→ Data excerpt:
##############################

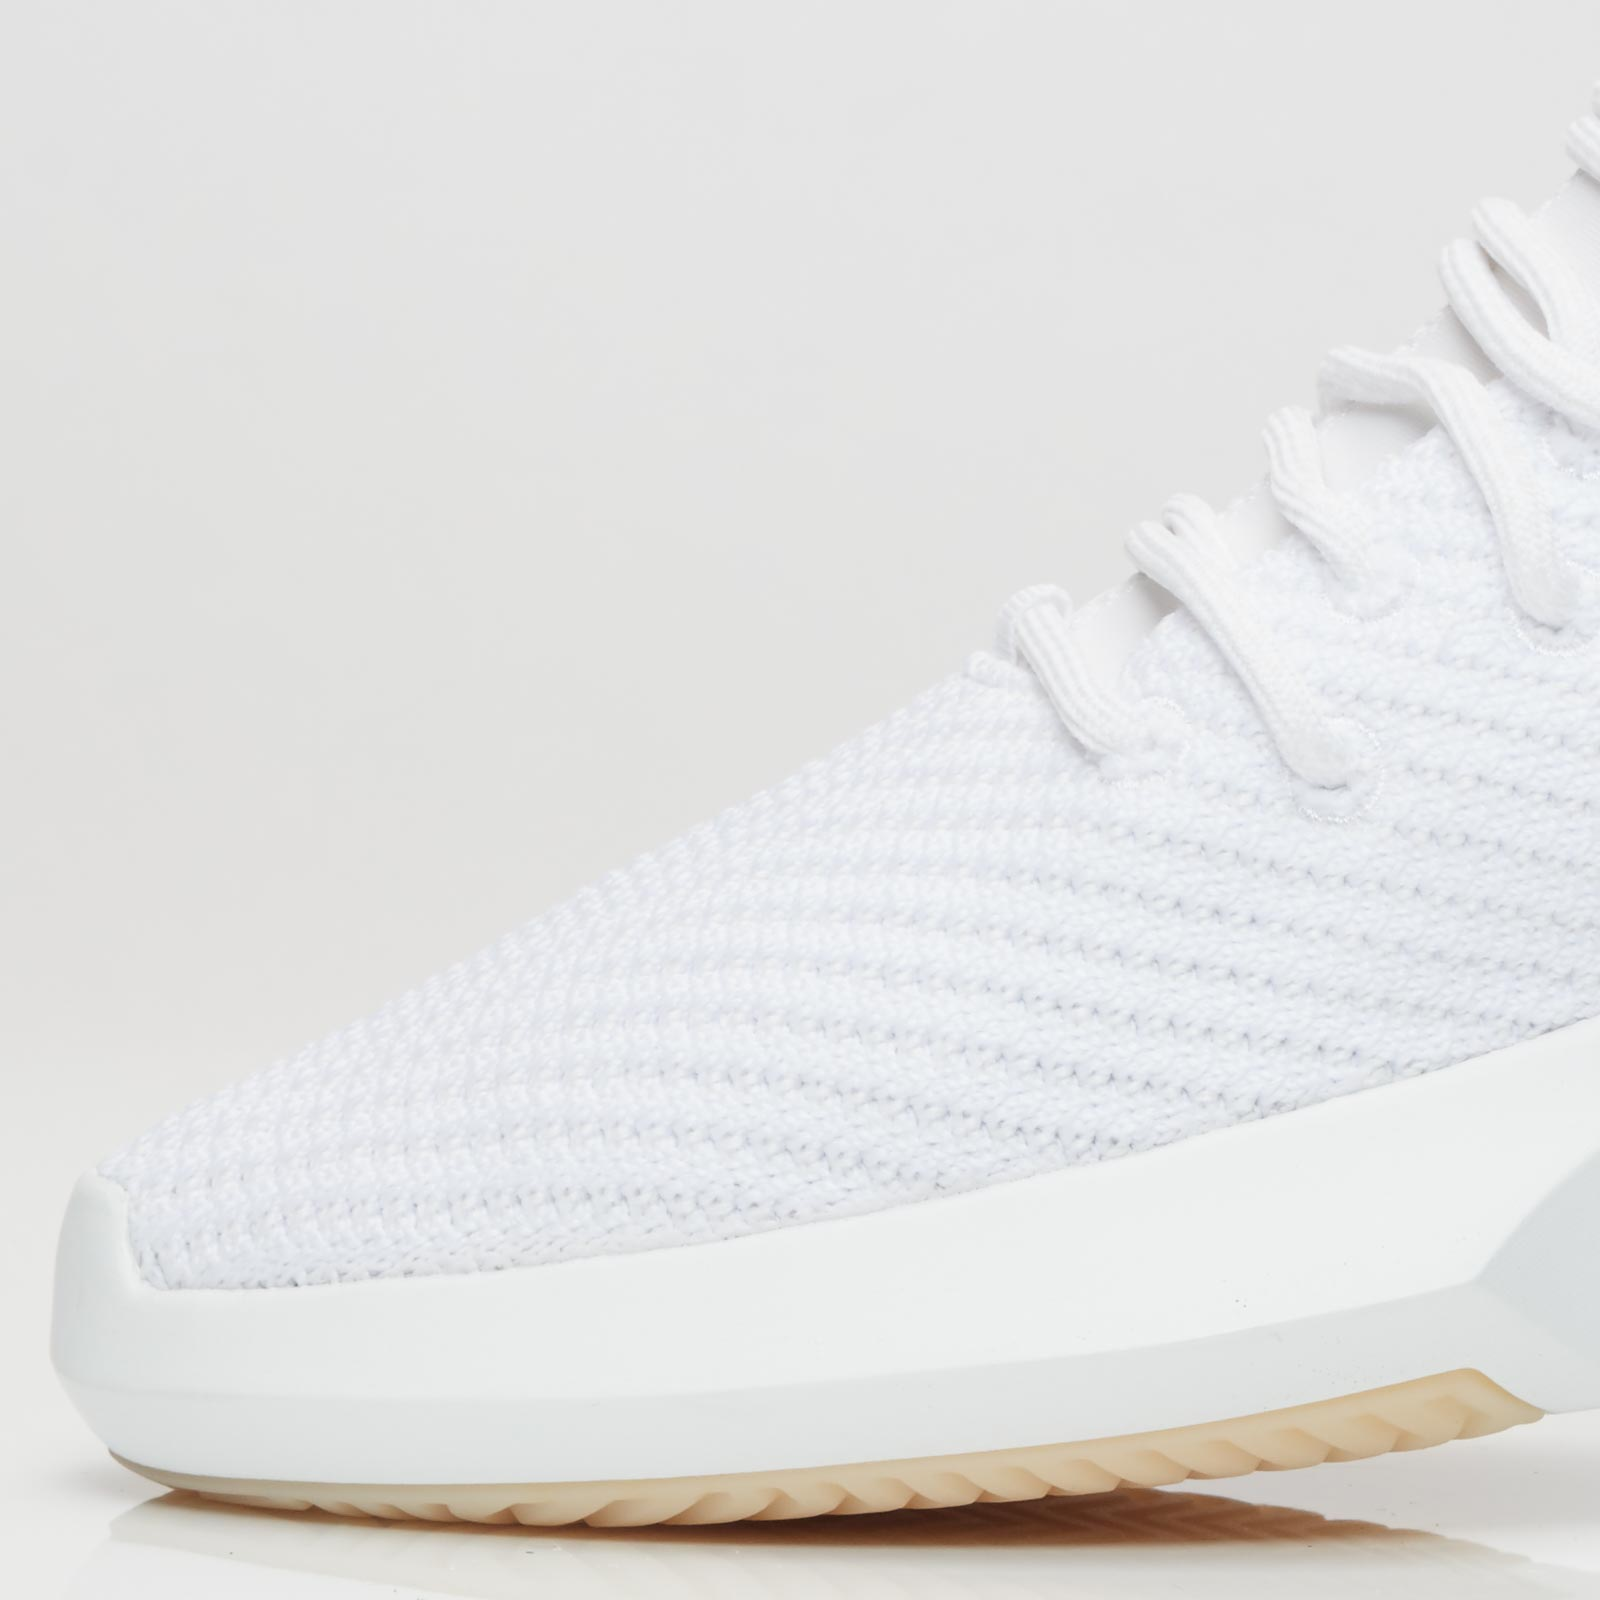 buy online c6ce4 1fd54 ... adidas Originals Crazy 1 Adv Primeknit
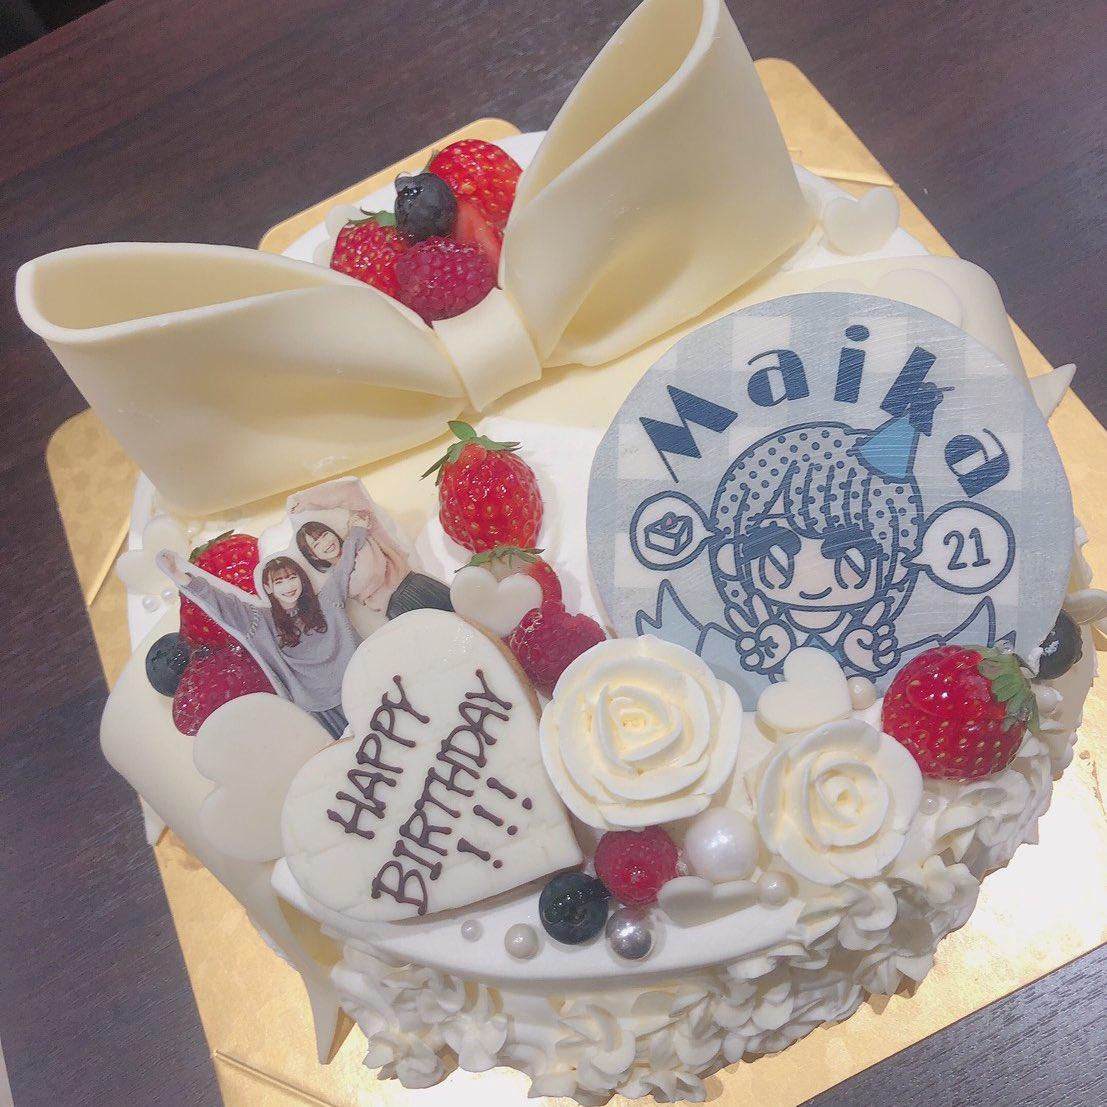 @sasaki_maika's photo on Hinata
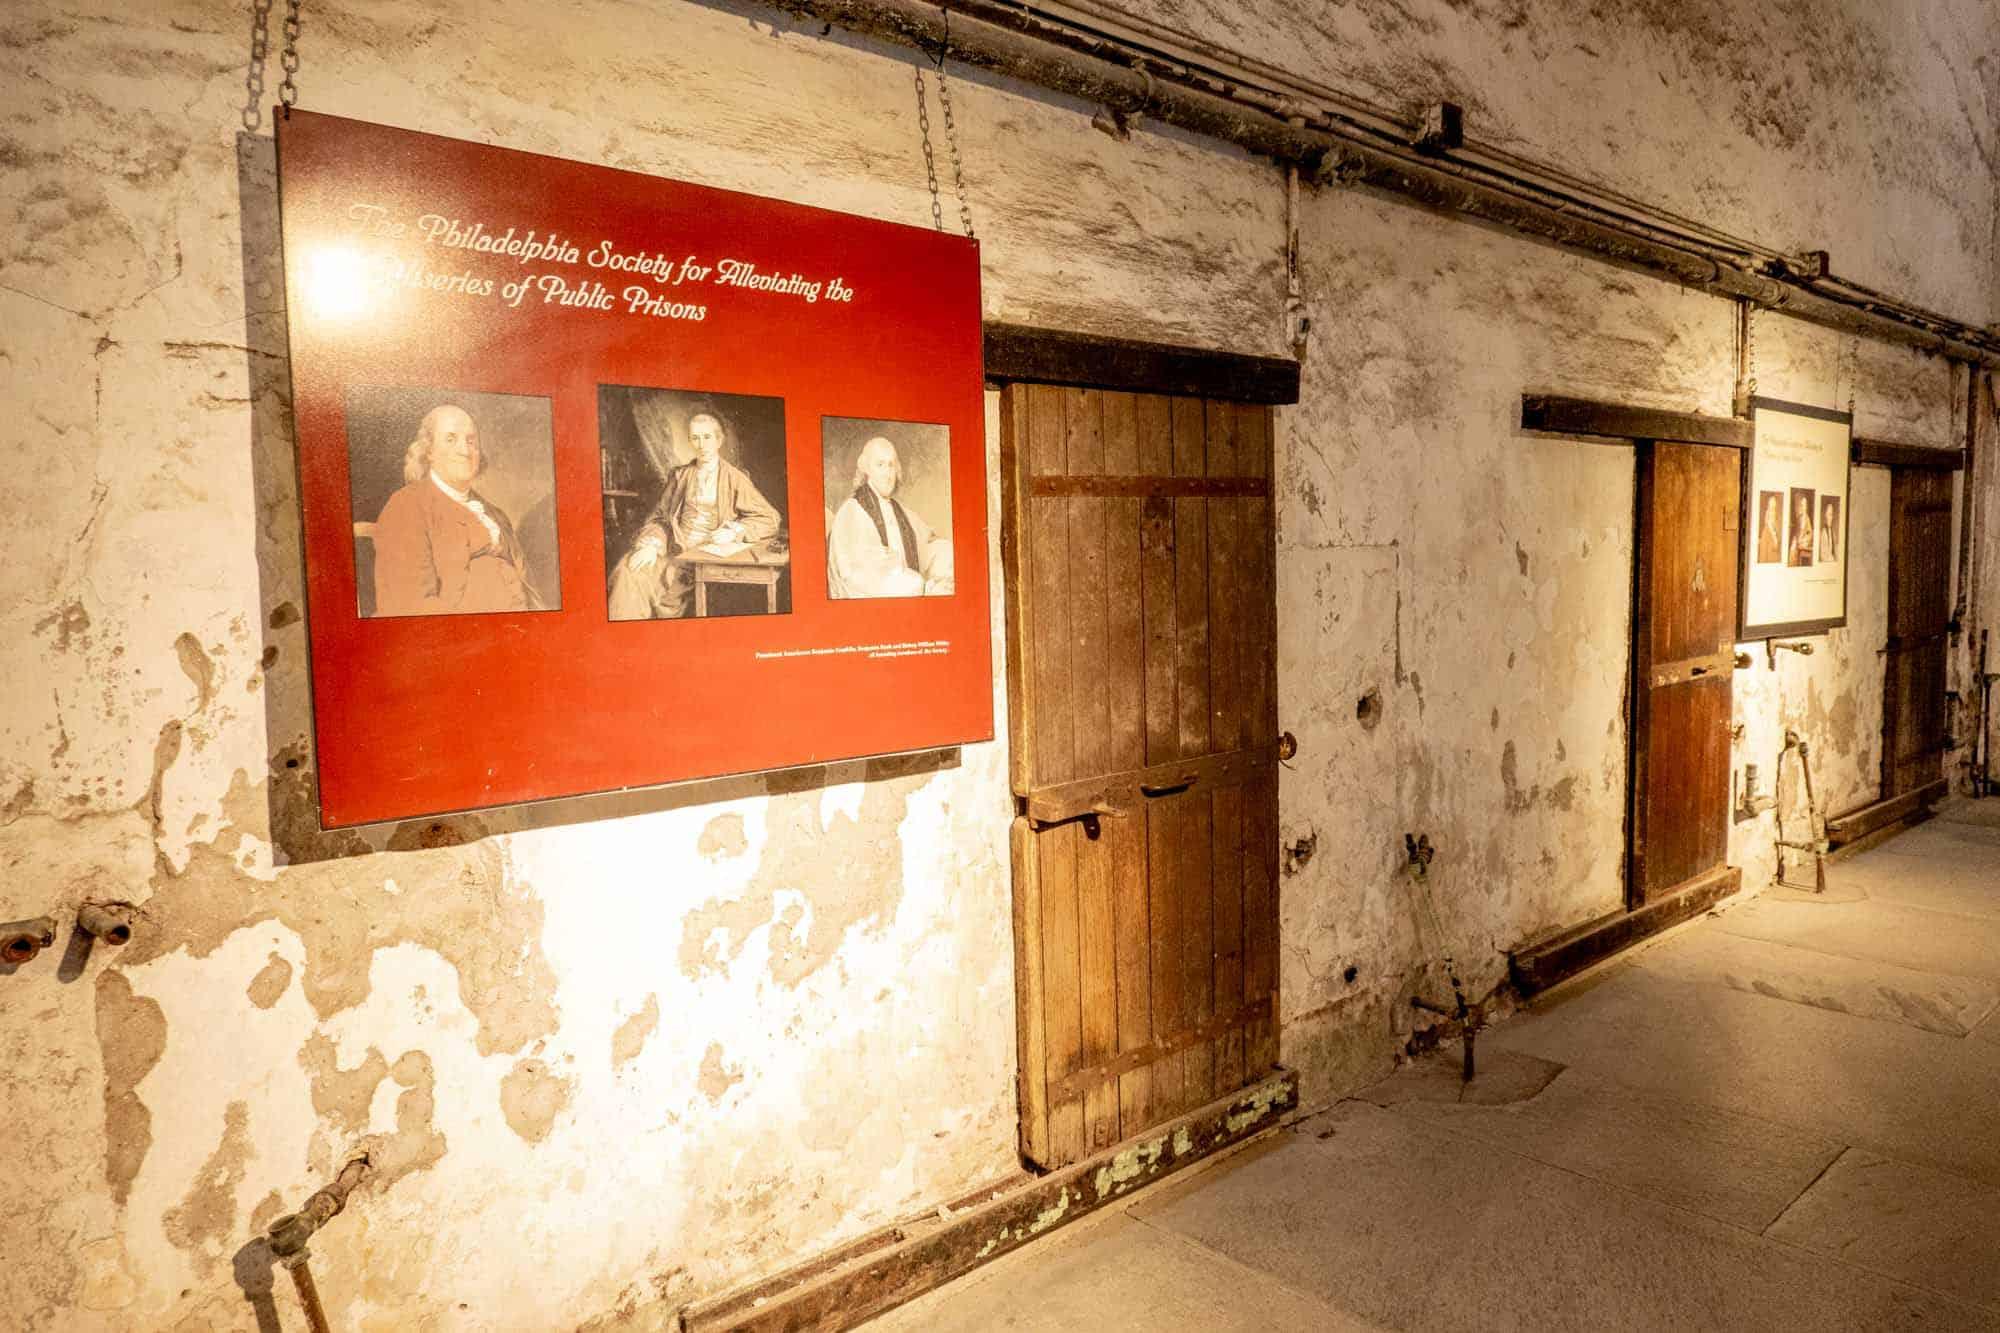 Information panel about Benjamin Franklin and prison reform

##############################

→ What needs to be done: Would you write out all of the data exactly as it stands, without the pictures?

→ Answer for this exercise:
 buy online c6ce4 1fd54 ... adidas Originals Crazy 1 Adv Primeknit
 @sasaki_maika's photo on Hinata
 Information panel about Benjamin Franklin and prison reform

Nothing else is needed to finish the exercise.